Given data START
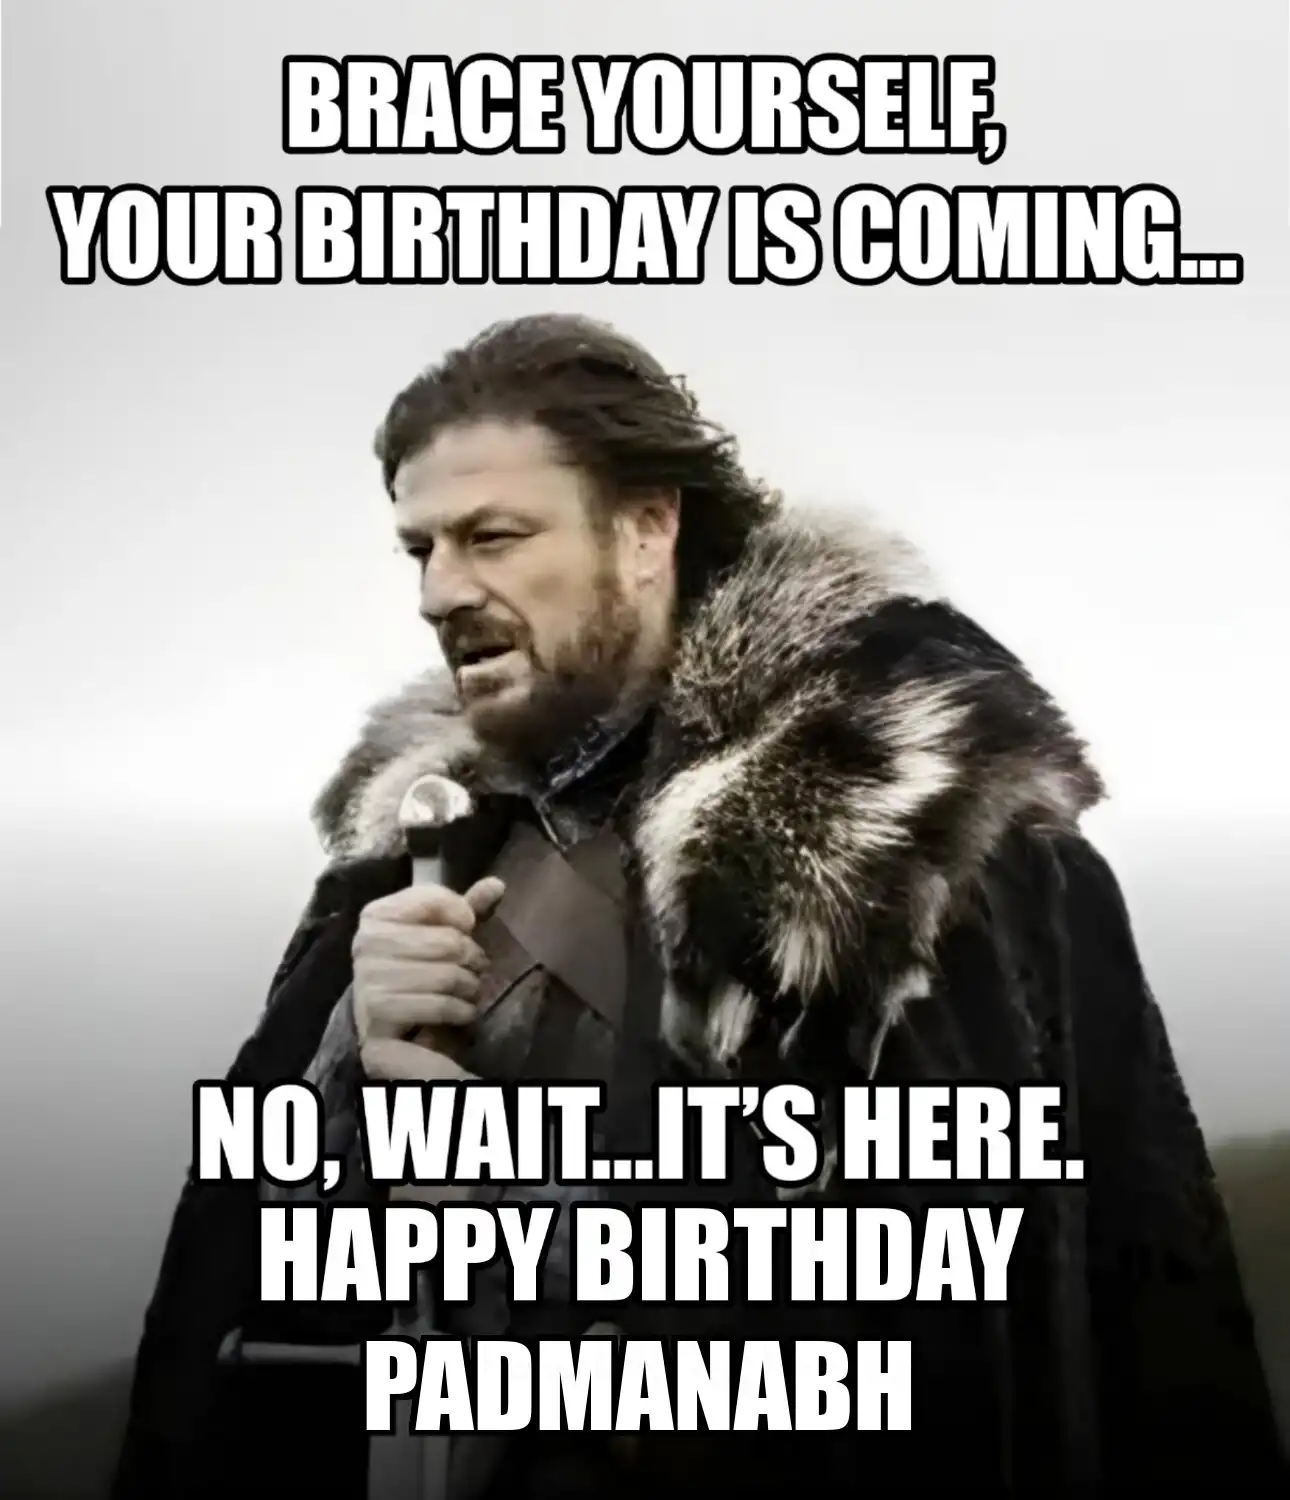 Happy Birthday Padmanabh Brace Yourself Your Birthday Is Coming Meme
Given data END
Given data START
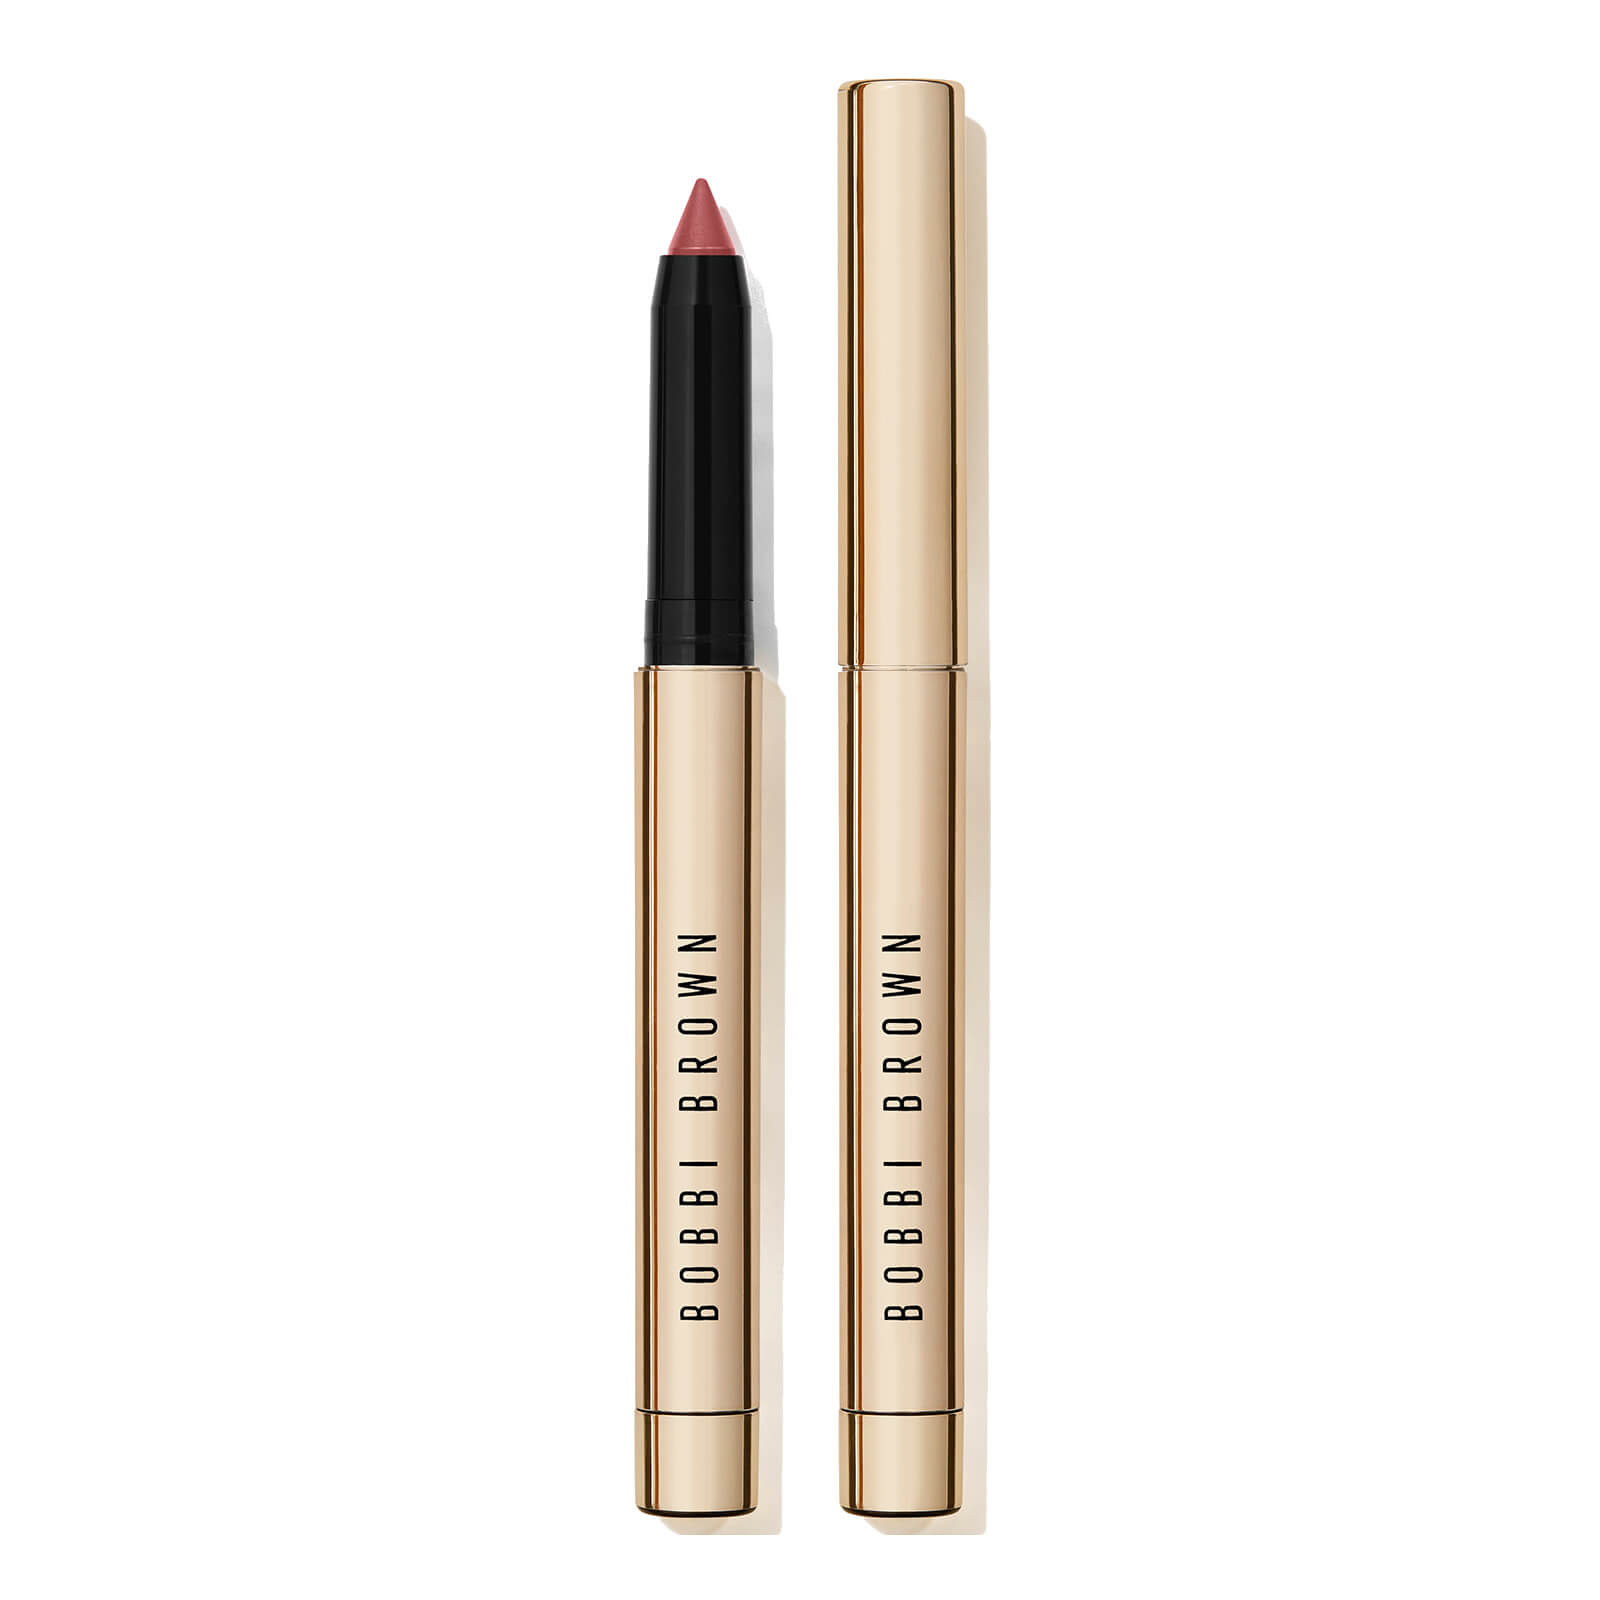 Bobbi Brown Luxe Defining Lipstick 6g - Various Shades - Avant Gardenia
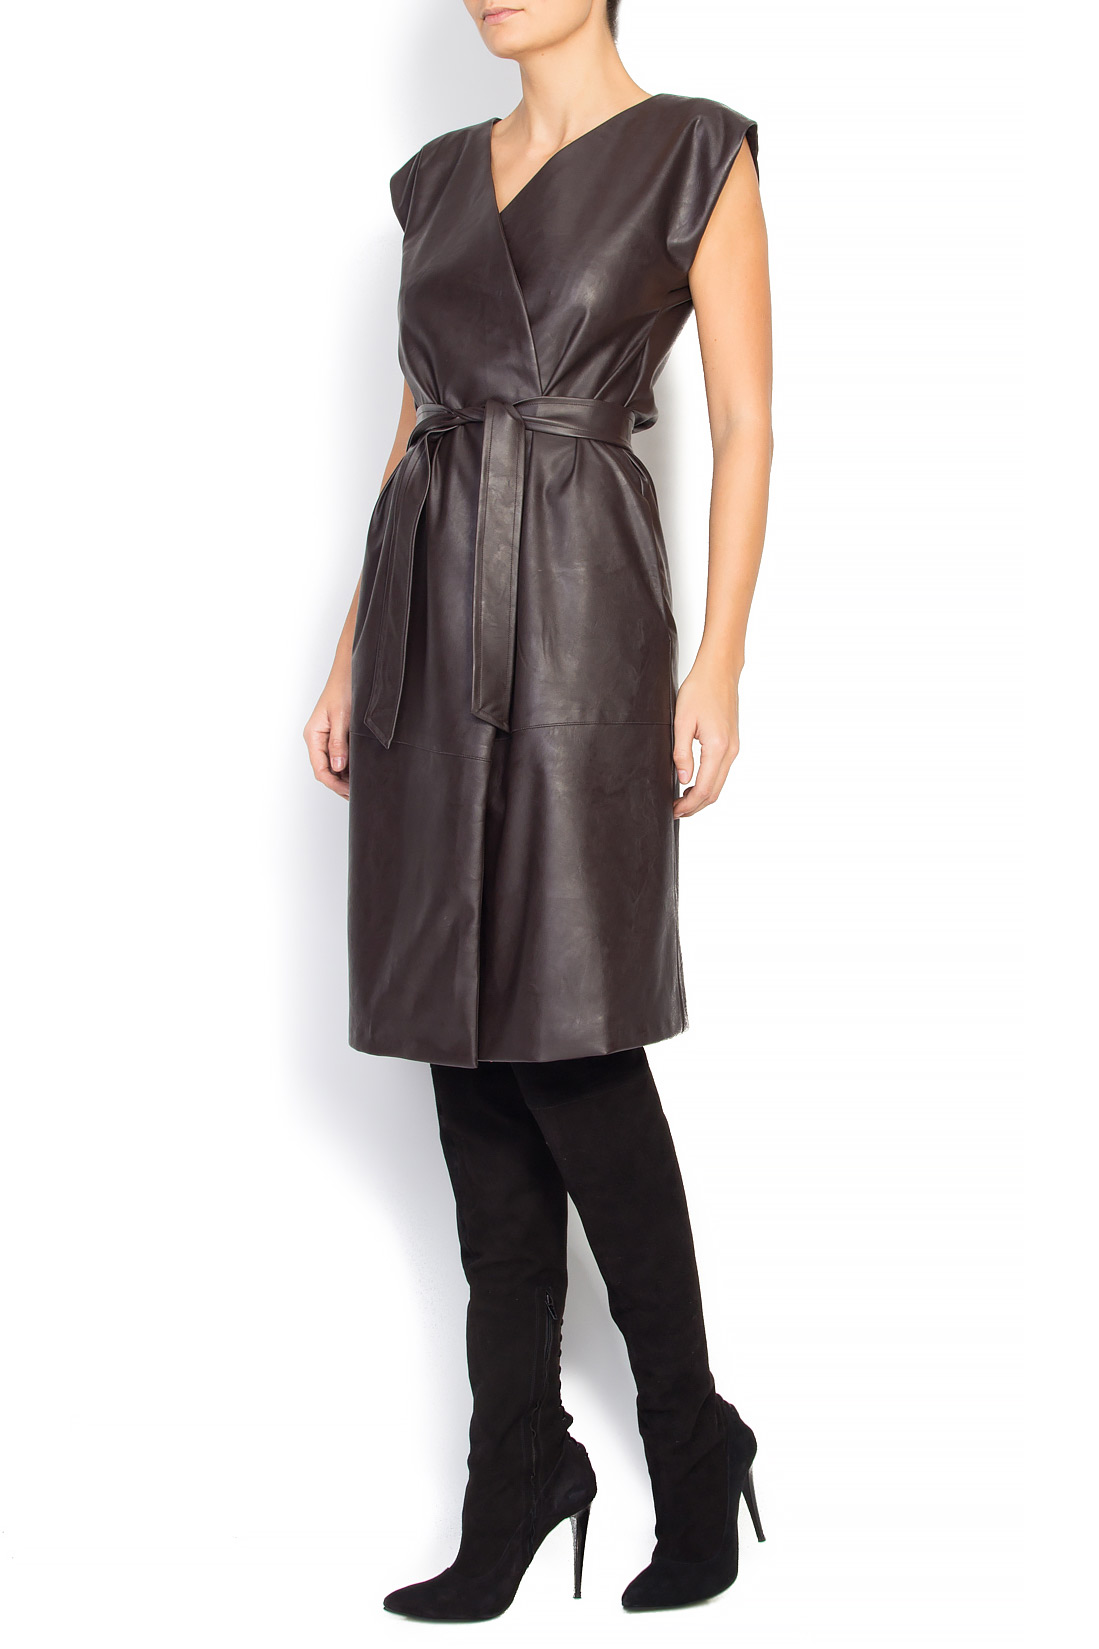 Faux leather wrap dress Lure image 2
Given data END
What needs to be done ->
Since the pictures are not part of the copy, please transcribe only the lines above from the one with "Bobbi Brown Luxe" through the one with "Faux leather wrap dress Lure image 2", exactly and with both ends.

Response ->
 Bobbi Brown Luxe Defining Lipstick 6g - Various Shades - Avant Gardenia
 Faux leather wrap dress Lure image 2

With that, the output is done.